Здесь и только здесь лежит решение вопросов, которые всегда вызывала абсолютно своеобразная, в западно-индогерманской области до Железного века совершенно неизвестная фигура «господина ярости».
Он прибыл из другого мира, это не вызывает сомнений, и, тем не менее, именно он стал самым знаменитым представителем германства вообще. Героические саги, всю литературу эпохи Великого переселения народов, как и средневековой Исландии нельзя представить без него. В крестьянской вере аллеманских земель он еще вплоть до недавнего времени возглавлял Дикую охоту. Все попытки противопоставить ему значение других германских богов, прежде всего, Донара-Тора, оказались безуспешными. Эта божественная фигура явно срослась со своей новой родиной, стала с ней одним целым. Бог Один наложил свой отпечаток на свою новую родину, а она на него.

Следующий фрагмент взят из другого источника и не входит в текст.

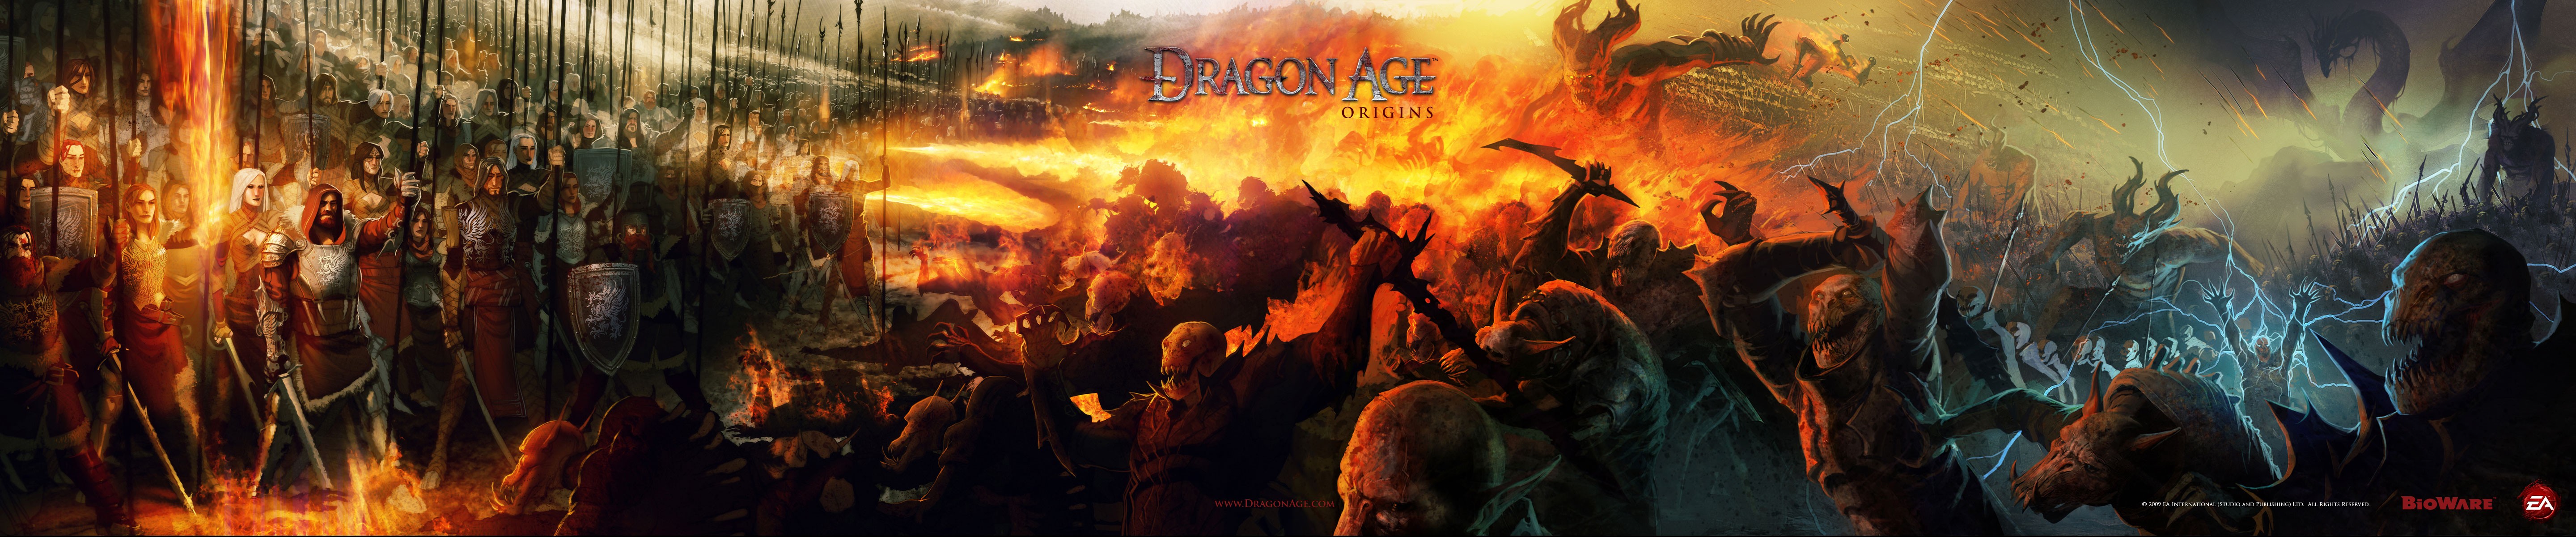 General 5760x1200 Dragon Age: Origins triple screen video games PC gaming RPG

Один прибыл на Север Европы в то время, когда неоднократные стихийные бедствия нанесли Северу серьезный ущерб, он был сравнительно слабо населен, и его население вело бездумное существование в своей крестьянской простоте и без претензий на историческое значение. Но толчок с Востока принес движение в эту спокойную уединенность, снова оживил дремлющую активность бывших великих мореплавателей, создателей колоний и «носителей культуры по всему свету». Люди Севера теперь снова все больше и больше становились воинственными переселенцами, которые, в конечном счете, благодаря своим большим и дальним походам стали оплодотворителями умирающего Юга и создателями новой Европы, определяющего сам образ мира «Запада», и постепенно поднялись до наивысших культурных достижений.

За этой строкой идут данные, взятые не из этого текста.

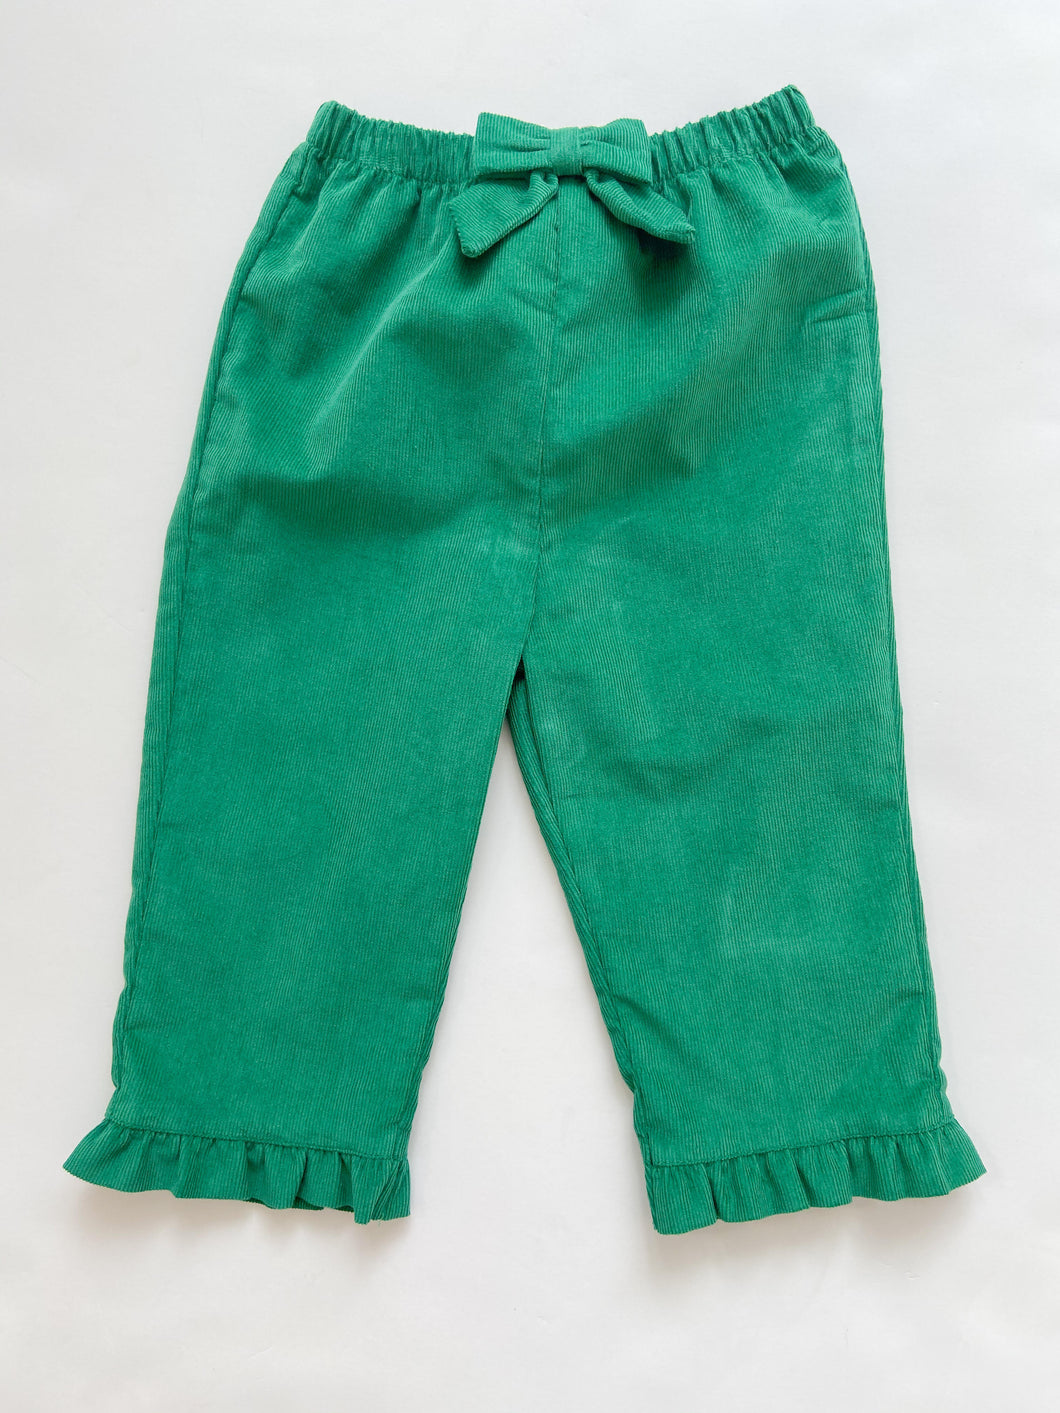 Green Cord Girl Pant 326PG - Infant

То, что слияние незваных гостей с Востока с людьми Севера удалось практически идеально, объяснялось тем, что они, несмотря на другой уровень развития и неукротимую дикость их жизнеощущения, были все же людьми того же вида и происхождения, индогерманцами, внешне и внутренне не отличавшимися от своих исконно генетических родственников на Севере и Северо-западе Европы. Если бы это было не так, то Тацит (в главе 4 «Germania») не мог бы написать, что население Германии в его время представляло собой «племена, никогда не подвергавшиеся смешению через браки с какими-либо иноплеменниками, искони составляют особый, сохранивший изначальную чистоту и лишь на себя самого похожий народ. Отсюда, несмотря на такое число людей, всем им присущ тот же облик: жесткие голубые глаза, русые волосы, рослые тела».

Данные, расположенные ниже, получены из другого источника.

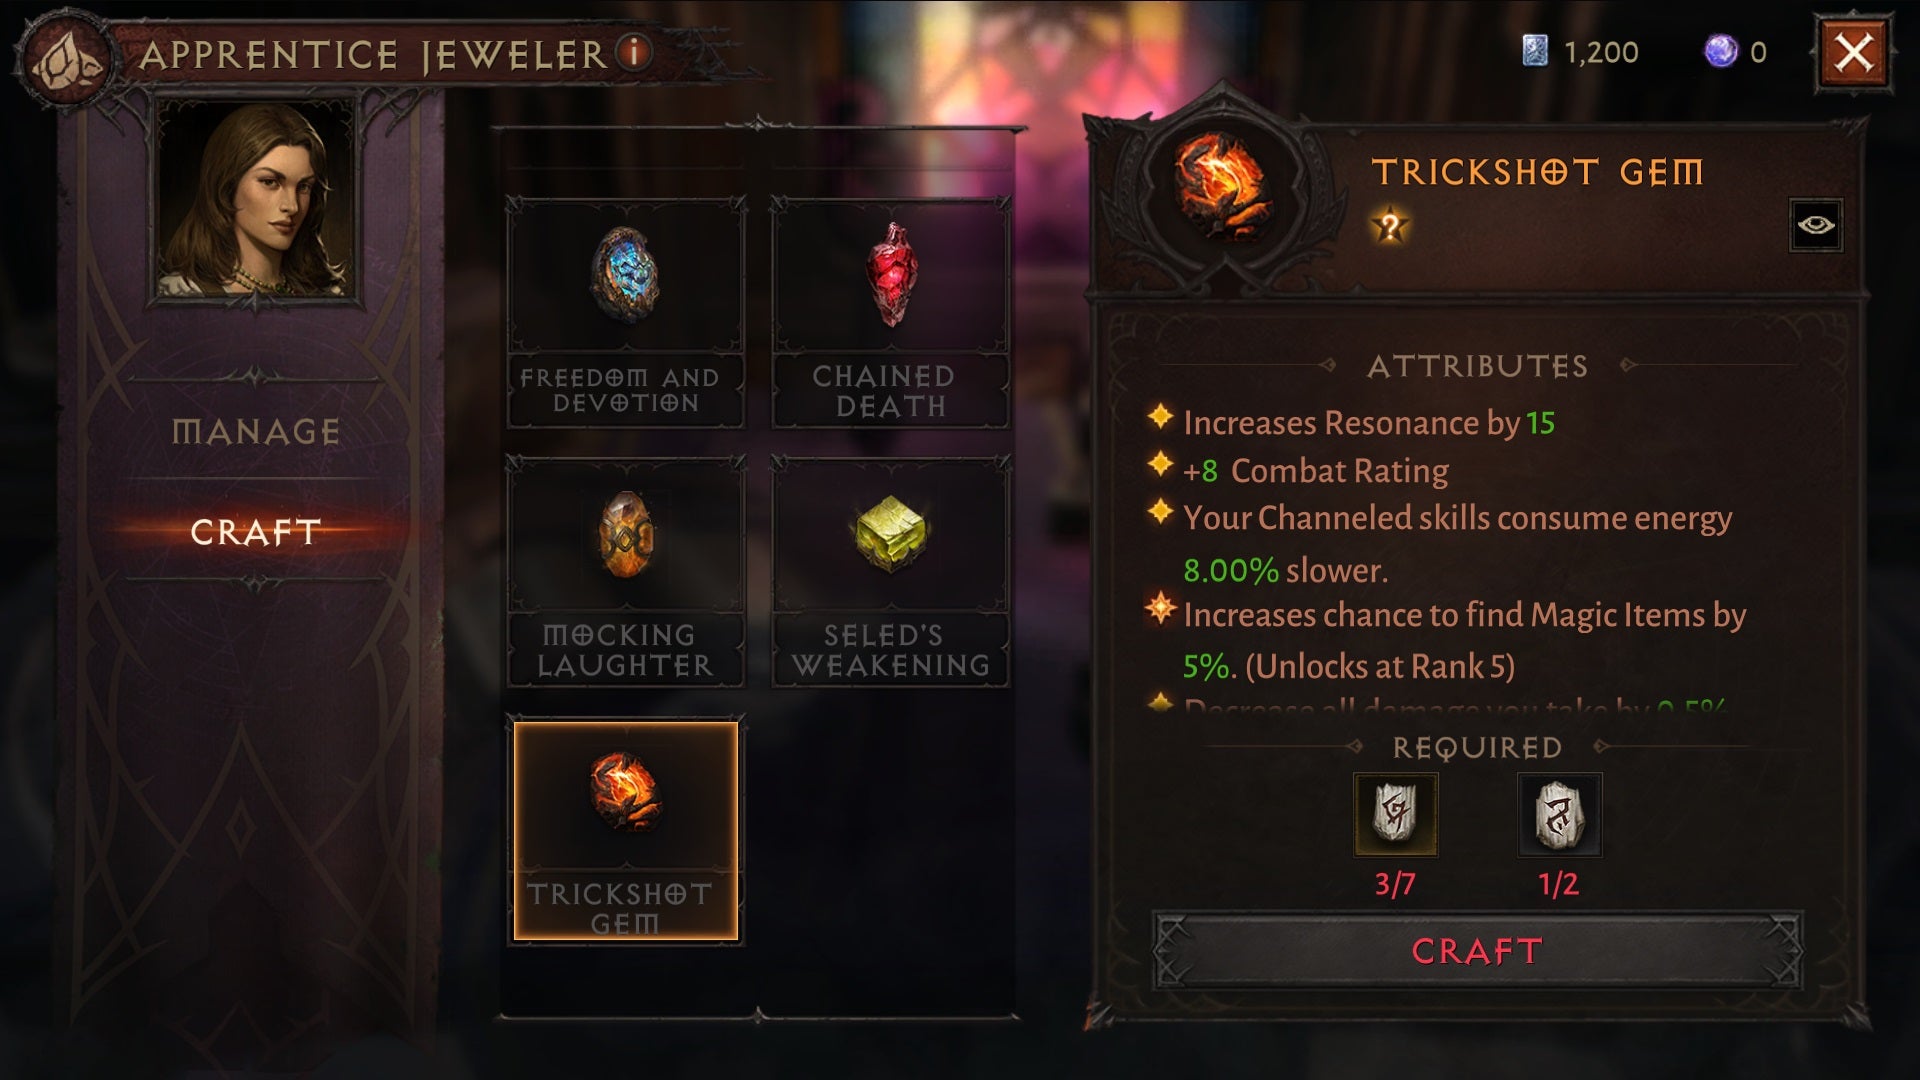 The Trickshot gem in Diablo Immortal

Но ведь то же самое было бы верно и по отношению к скифам и савроматам и, пожалуй, также к меотам шестого столетия до Р. Х., которые еще не соприкасались ни с монголами, ни с другими народами с более темным цветом кожи. Достаточно только посмотреть на изображения скифских воинов на золотом кубке из кургана Куль-Оба в Крыму или на позолоченной серебряной чаше из могильного холма Гайманова могила. Можно решить, что видишь перед собой самых настоящих германцев, тем более что золото волос так эффектно контрастирует с серебром лиц и рук. Еще о потомках савроматов, сарматах, римляне говорили, что они все были белокурыми людьми.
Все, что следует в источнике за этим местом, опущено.